Mag. Dr. med. univ. & scient. med. Helmuth Haslacher, BSc, BA

MedUni Wien Biobank

General Hospital Vienna

The trial management team providing day-to-day support for the trial consists of the project coordinator, the trial manager and the project administrators. They will meet on a regular basis every month or ad hoc if necessary.

Steering committee

The TTVguideIT trial is part of the TTVguideTX project. For the TTVguideIT trial, no trial-specific Steering Committee and Management Committee has been defined. Instead, the trial will be managed by the TTVguideTX project management structures. The project Steering Committee includes the Project Management Team (Project Coordinator and Administrative Manager) and the Work Package Leaders of the TTVguideTX project and meets every 6 months.

Patient Advisory Board

The Patient Advisory Board is made up of patients’ representatives and will be consulted to make the developments in the healthcare sector patient-friendly and to take the views and needs of patients into account as much as possible throughout the trial.

Scientific Advisory Board

The Scientific Advisory Board includes independent experts in transplant nephrology, clinical virology, statistics and research study design. The Scientific Advisory Board will receive regular project reports and will be consulted by the Steering Committee on scientific problems to discuss solutions to problems and the further progress of the project.

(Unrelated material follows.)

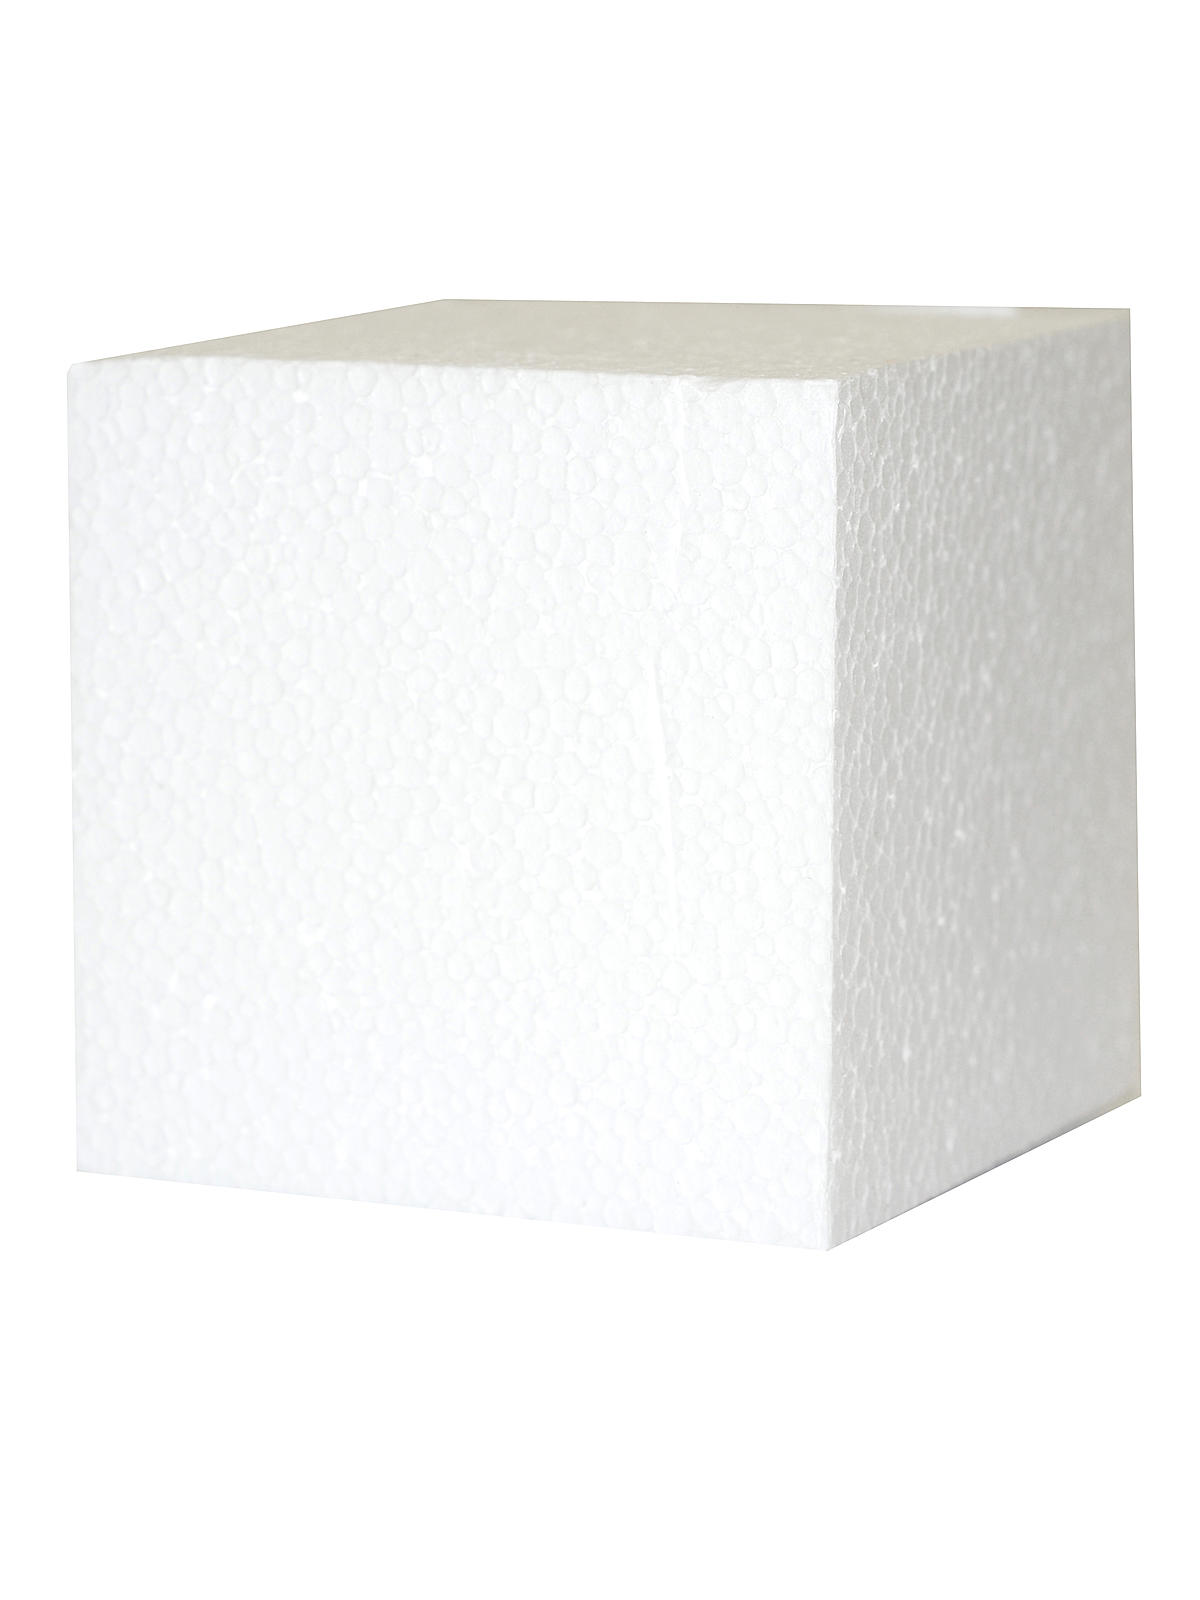 Craft Foam Shapes Cube 3 In. Each
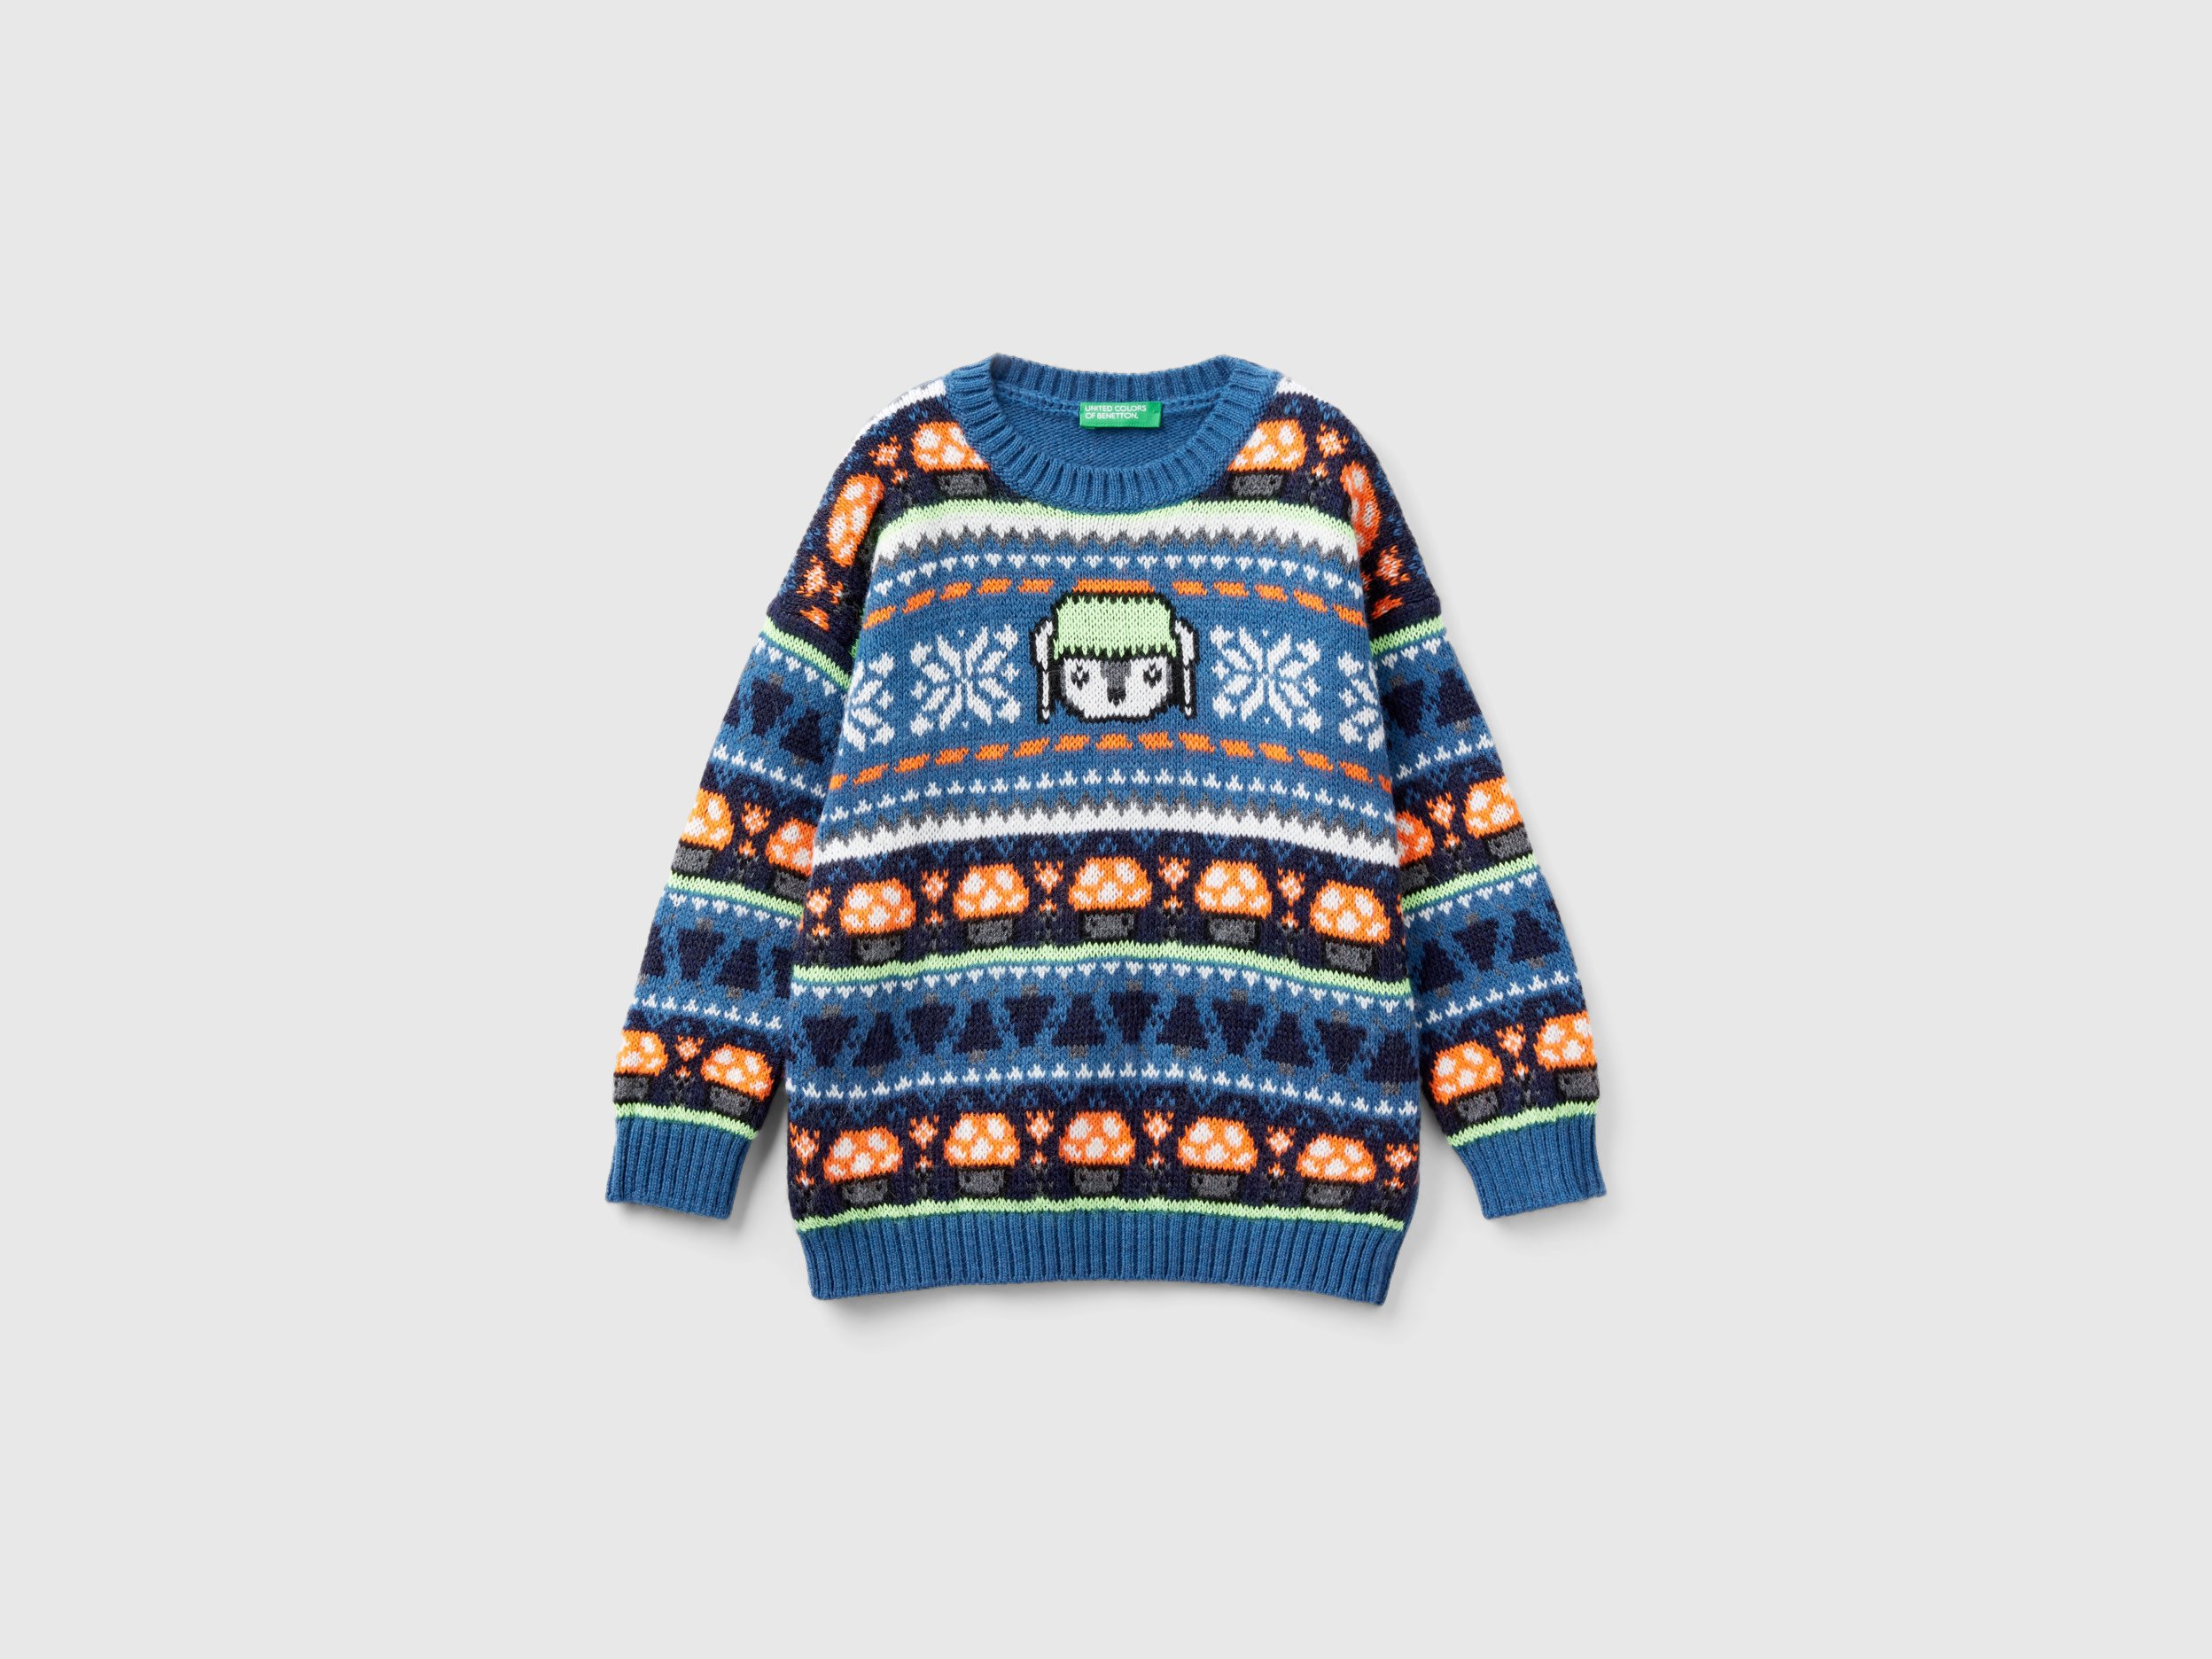 Benetton, Jacquard Sweater In Wool Blend, size 12-18, Multi-color, Kids

Ethics and Governance Council

The independent Ethics and Governance Council includes experts in bioethics and law. The role of the Ethics and Governance Council is to provide independent external supervision and advice regarding the ethical and legal aspects of the trial. The Ethics and Governance Council will monitor the procedures in place for the trial to ensure the application of the highest ethical standards, thus safeguarding patients’ interests and rights.

Composition of the data monitoring committee and its role and reporting structure {21a}

The external DSMB is independent of the sponsor and competing interests. The DSMB will monitor and protect patient safety throughout the clinical trial, with an emphasis on progress, safety data and critical efficacy endpoints according to the DAMOCLES group. Members of the DSMB include two transplant nephrologists and one biostatistician. The DSMB will report to the steering committee, management team and sponsor. Details concerning the DSMB are outlined in the DSMB charter (not finalised yet).

Adverse event reporting and harms {22}

All AEs must be documented in the subject record, and appropriate medical treatment must be provided. The investigator will assess the causal relationship between the study drug and the AE. The investigator shall notify the sponsor immediately of the occurrence of an SAE.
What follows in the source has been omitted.